La radio doit donc affirmer davantage ce qu’elle apporte réellement aux annonceurs locaux : non seulement de la visibilité, mais un climat de confiance. Non seulement de la présence, mais de la crédibilité. Cet argument doit faire la différence face à des solutions numériques abondantes mais moins rassurantes. Même si les solutions digitales packagent mieux leur bilan et la façon de rendre compte de leurs performances. Elles n’offrent pas le cadre de confiance que la radio peut promettre. Il faut le rappeler et concentrer les efforts à rappeler le contexte et les évidences.
Comment les radios locales peuvent mieux exploiter cet avantage
#1 Rendre cette confiance visible. Une radio locale ne vend pas seulement un volume d’audience. Elle vend une relation, une qualité d’écoute, un environnement identifié. Dit autrement : elle ne se contente pas de toucher, elle aide à faire croire. La créativité de son programme est une ressource essentielle et puissante pour y parvenir. Elle s’exprime dans le contenu bien entendu tout autant que dans les messages publicitaires qui en font partie.
#2 Actionner le levier éditorial, de la radio locale en mettant en avant ses :
- signatures locales,
- rendez-vous d’information,
- chroniques de service,
- témoignages de terrain,
- voix reconnues.
Plus une antenne capitalise sur ces fondamentaux éditoriaux, plus elle consolide son statut de repère. Et ce travail de confiance nourrit directement la valeur commerciale du média.

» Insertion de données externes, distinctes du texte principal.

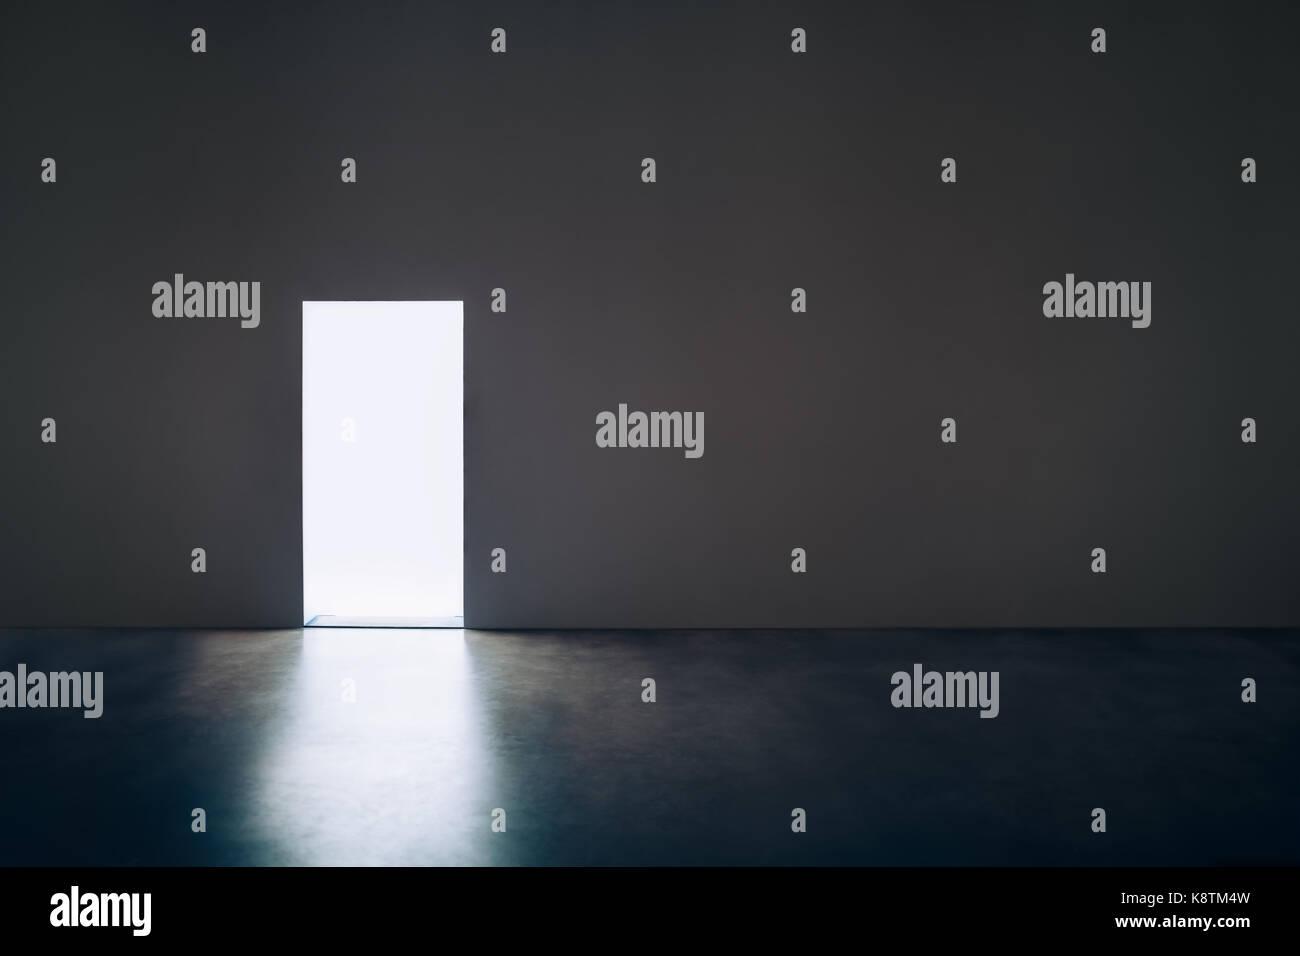 Puerta de luz en una habitación oscura.esperanza concepto Imagen De Stock

#3 Renforcer son positionnement stratégique. La radio doit assumer la comparaison avec les réseaux sociaux, non pour opposer l’ancien et le moderne, mais pour rappeler une évidence simple : entre le bruit et la confiance, les marques sérieuses finissent toujours par regarder la confiance. Et sur ce terrain, la radio locale a de vraies cartes à jouer et un intérêt à s’appuyer les acteurs locaux, commerçants, décideurs, élus, associations…

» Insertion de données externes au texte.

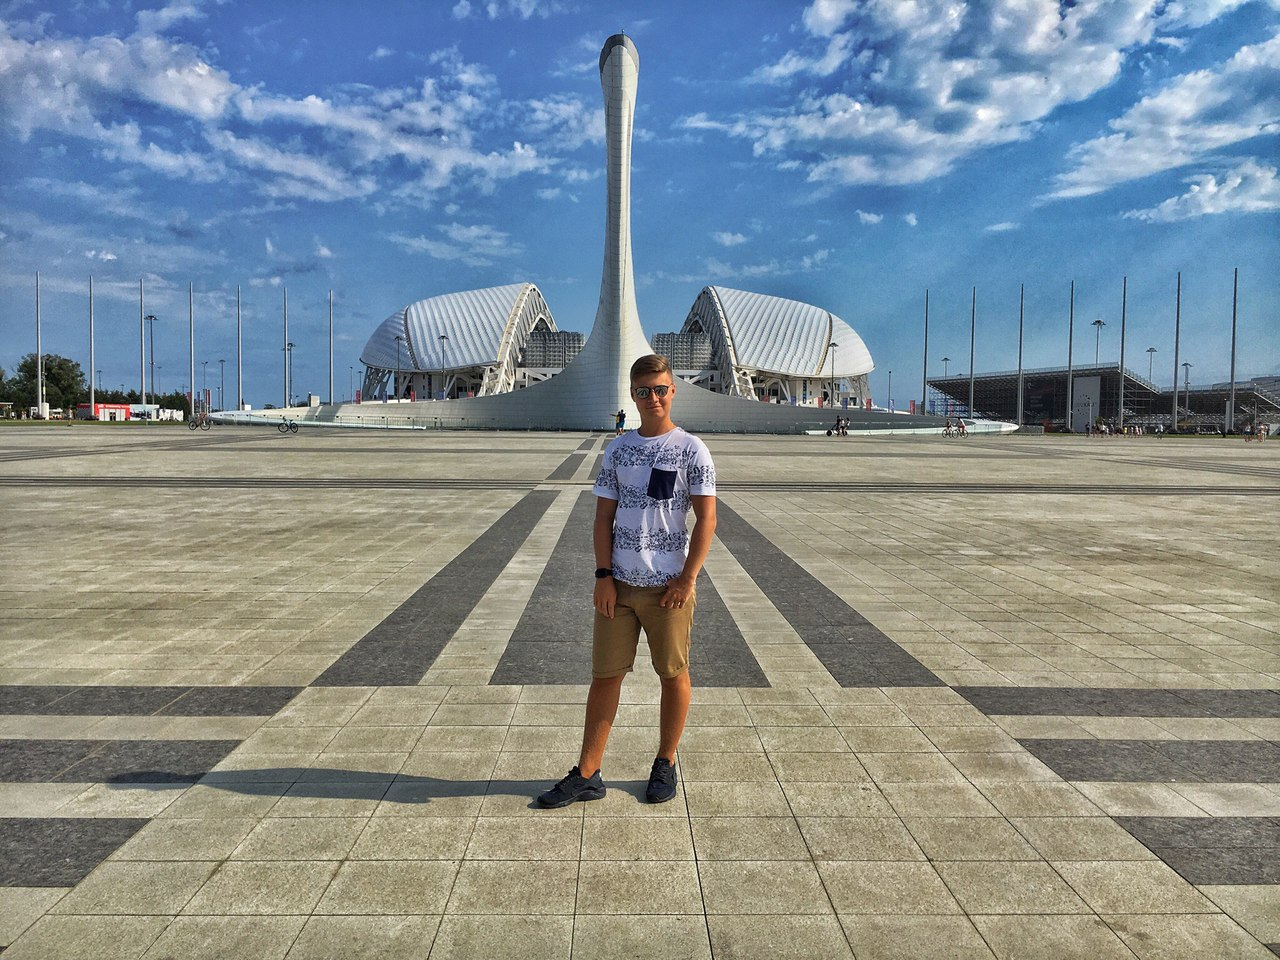 Николай Хорошилов, Москва - фото №1

#4 La preuve. La radio bénéficie d’un capital de confiance fort, mais elle le traduit encore trop rarement en démonstration commerciale claire. Face aux plateformes digitales, beaucoup d’annonceurs locaux ont le sentiment que les bilans radio donnent moins de garanties, moins de lisibilité, moins de suivi. Les régies locales doivent donc professionnaliser et documenter leurs bilans :
- objectifs de départ,
- dispositif diffusé,
- période,
- pression publicitaire,
- retours observés, visites sur le site, prise de rendez-vous, remontées des équipes, avis clients, abonnements…
- enseignements.
L’enjeu est simple : mieux relier la confiance accordée au média à des effets concrets dans le processus de décision. En structurant mieux leurs comptes rendus, en définissant dès le départ un ou deux indicateurs simples avec l’annonceur, et en capitalisant sur des cas locaux documentés, les radios peuvent gagner en crédibilité et mieux valoriser ce que le digital ne sait pas toujours offrir : un impact de confiance dans un environnement de proximité où l’on peut encore se serrer la main.

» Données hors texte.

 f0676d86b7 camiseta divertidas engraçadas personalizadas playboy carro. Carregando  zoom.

La confiance n’est pas un bonus, c’est un levier de conquête
La radio possède déjà ce que beaucoup de médias cherchent à reconstruire : la crédibilité. Elle n’a pas à l’inventer. Elle doit l’exploiter. Mieux la raconter, mieux la mettre en scène, mieux la vendre. Car dans un paysage saturé de contenus, la rareté, c’est l’attention accordée à une parole jugée fiable.
La radio a donc mieux un avantage concurrentiel. Encore faut-il cesser de le laisser en fond sonore.
À force de laisser les réseaux sociaux faire du bruit, on oublierait presque que la radio reste, elle, le média qu’on croit encore quand il parle.
Sources : CB News, article sur le baromètre de l’esprit critique.